United States District Court, D. Connecticut
JOSE A. JUSINO, Plaintiff,
v.
MONICA RINALDI, et al., Defendants.
RULING AND ORDER
Michael P. Shea, United States District Judge
The
plaintiff, Jose A. Jusino, is incarcerated at Northern
Correctional Institution (“Northern”). On June 6,
2019, the plaintiff filed an amended complaint. For the
reasons set forth below, the amended complaint will be
dismissed in part.
I.
Procedural Background
The
plaintiff initiated this action by filing a complaint against
fifteen employees of the Department of Correction.
See Compl., ECF No. 1 at 1. He asserted Eighth
Amendment conditions of confinement claims, a Fourteenth
Amendment equal protection claim, and Fourteenth Amendment
due process claims related to his confinement on special
management needs status at Northern and his confinement on
security risk group status in the Walker Building at
MacDougall-Walker Correctional Institution
(“Walker”) and Corrigan Correctional Institution
(“Corrigan”).
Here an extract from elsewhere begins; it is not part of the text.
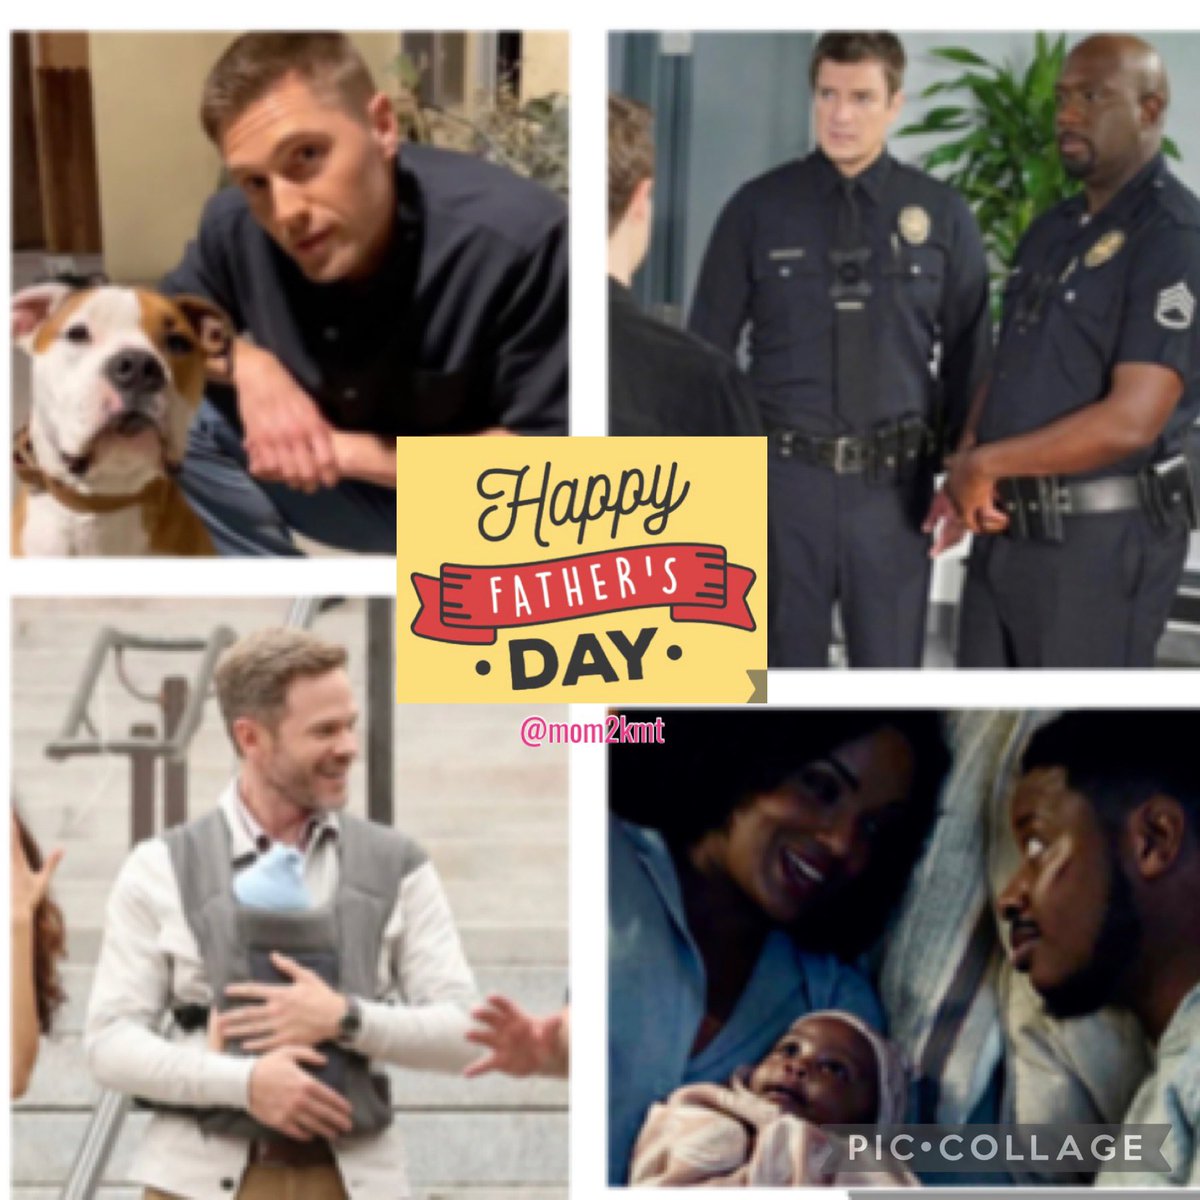 Happy Father’s Day to #TheRookie dads #WadeGrey #WesleyEvers #JohnNolan #JamesMurray and #TimBradford #dogdad

See Id. at 2.
On
April 15, 2019, after reviewing the complaint under 28 U.S.C.
§ 1915A(b), the court dismissed the Fourteenth Amendment
equal protection claim, the Eighth Amendment claim related to
conditions at Corrigan, and the Fourteenth Amendment due
process claim related to the plaintiff's confinement at
Corrigan. The court dismissed without prejudice the Eighth
Amendment conditions claim related to the plaintiff's
confinement at Walker. See Initial Review Order, ECF
No. 8, at 17-18. The court concluded that Fourteenth
Amendment due process claims relating to the plaintiff's
long-term confinement on special management needs status and
security risk group status without meaningful, periodic
reviews would proceed against defendants Rinaldi, Santiago,
Kocienda, Maiga, Maldenado, Quiros, Rodriguez, Mulligan,
Molden, and Tugie in their individual capacities. See
Id. at 18. The court also permitted the plaintiff to
file an amended complaint to re-assert his Eighth Amendment
conditions claim related to his confinement in the security
risk group program at Walker beginning on July 31, 2018. The
court instructed the plaintiff that if he chose to file an
amended complaint, “he must include facts to show how
each condition or combination of conditions that existed at
Walker deprived him of a basic human need and also describe
how each defendant was involved in, responsible for or aware
of the various conditions at Walker that allegedly deprived
him of a basic human need.” Id.
The
amended complaint asserts claims under 42 U.S.C. § 1983
and re-names Commissioner Scott Semple, Deputy Commissioner
Monica Rinaldi, Director of Security Antonio Santiago,
Administrators Edward Maldenado, Angel Quiros, Nick
Rodriguez, William Mulligan, and David Maiga, and
Correctional Employees Elisabeth Tugie, Jon Aldi, Derrick
Molden, and Thomas Kocienda as defendants and adds
Commissioner Rollin Cook and Correctional Employees Daniel
Papoosha, Craig Burns and Mark Frayne as defendants.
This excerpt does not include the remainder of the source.